What if instead you get a % estimate of whether your trade partner will accept your offer? Say, you offer them silver for pearls and the interface tells you that the AI will be 90% likely to accept. AND you can only make x number of offers to an AI per turn (maybe determined by envoys?). So no low offers that you just keep repeating until they accept. The probability to accept could be influenced by existing trade deals, mutual relations , relative strength etc. (the usual factors). But, and that is a key point, there is a point of uncertainty in the process. You can boost your chances, but it will cost you more. Trading because a bit more of a conscious decision as to how badly you want something. Can you live with just a 50% chance of getting it? Or do you want to be 95% sure?

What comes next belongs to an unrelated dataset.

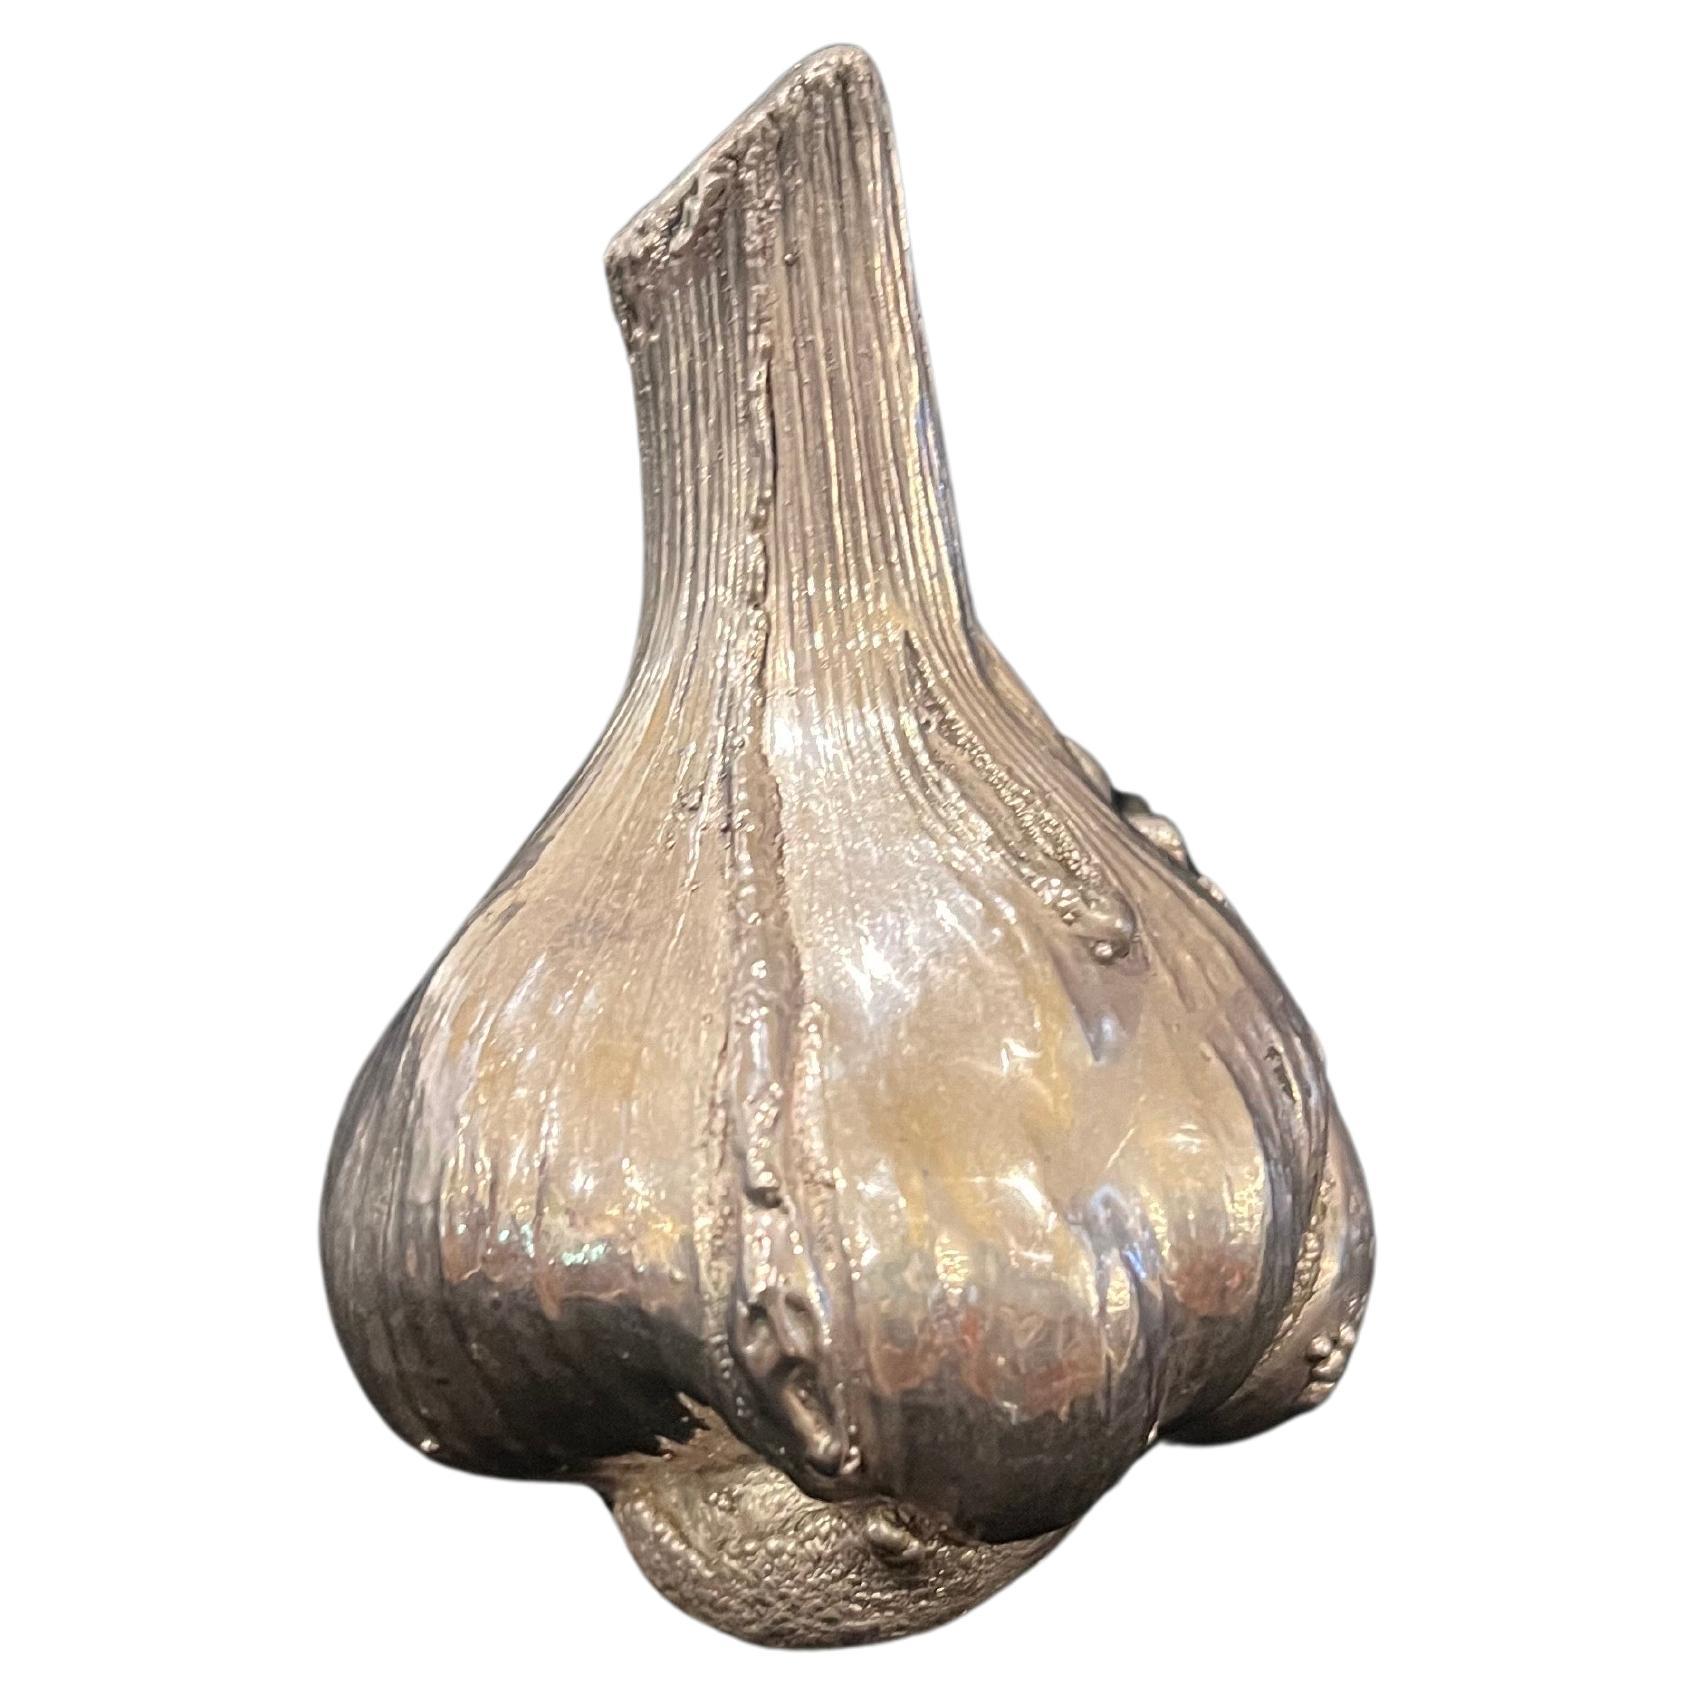 3 oz. .Sterling Silver Stamped 925 Garlic Sculpture Italy For Sale
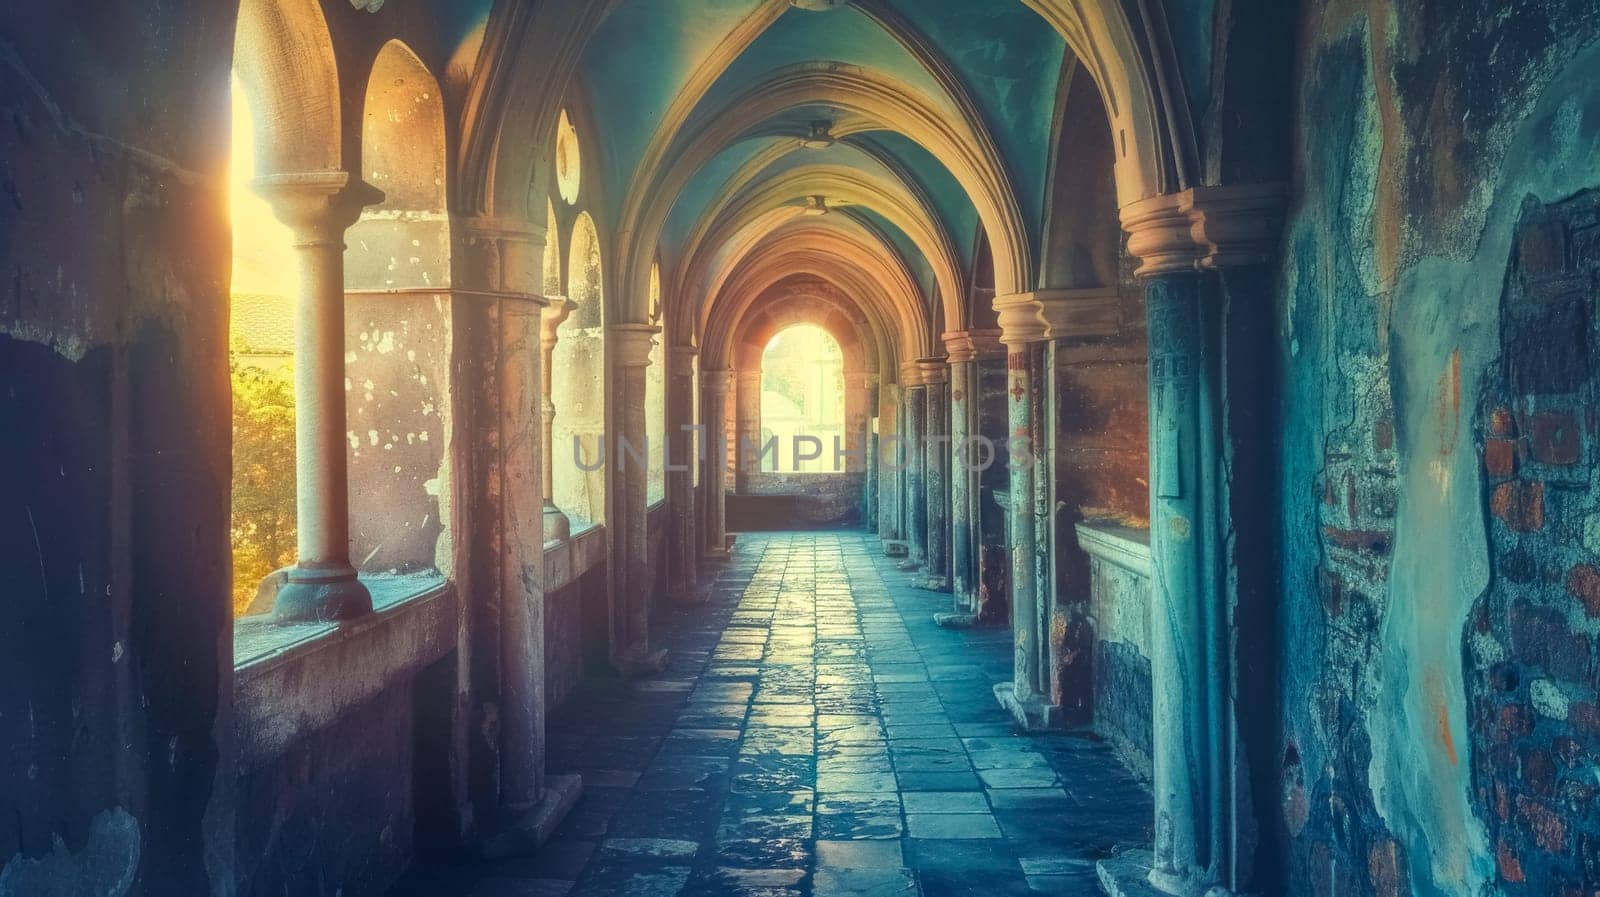 Enchanted medieval cloister in sunset light by Edophoto

It could be an effort to program something like that and make sure it works well between AIs, but I just thought it could be an interesting twist. What do you think?

I think this idea is better than the current trading system where you just keep incrementally increasing the gold or trades until they accept it.

I'd add a small fixed gold cost to each attempt. That'll prevent a person from trying three times over and over at the 51% chance mark. So each offer you make might cost you lets say for example 5 gold down the drain regardless if the trade succeeds or not. If you keep making offers it'll drain your coffers. (we really got to remove this asking the computer player over and over times the number of comps in the map. @ftl) Though this doesn't fix everything.

Also I wouldn't give such a fine information down to the percentages just give the player a vaguish chance at the 0, 20, 40... 100% marks until later in the game when they have spies and such.
 
AI assigns a certain value to a given trade good in a given situation

In Civ5 your diplomatic rating with the AI strongly influences the trade values, e.g. having a long peaceful era of friendship usually yields the most Gold in selling luxuries. When prices go down the player knows that diplomatic relations are not optimal. So trade is a diplomatic barometer.

In Civ5 You can always ask AI what it takes to make a deal ... allthough there are sometimes better solutions AI will accept.
 
I prefer having clear information about what deals the AI will accept and which they won't.

But I would love the AI to actually adjust their prices dynamically depending on factors such as scarcity, how much they actually "need" a specific Resource, etc.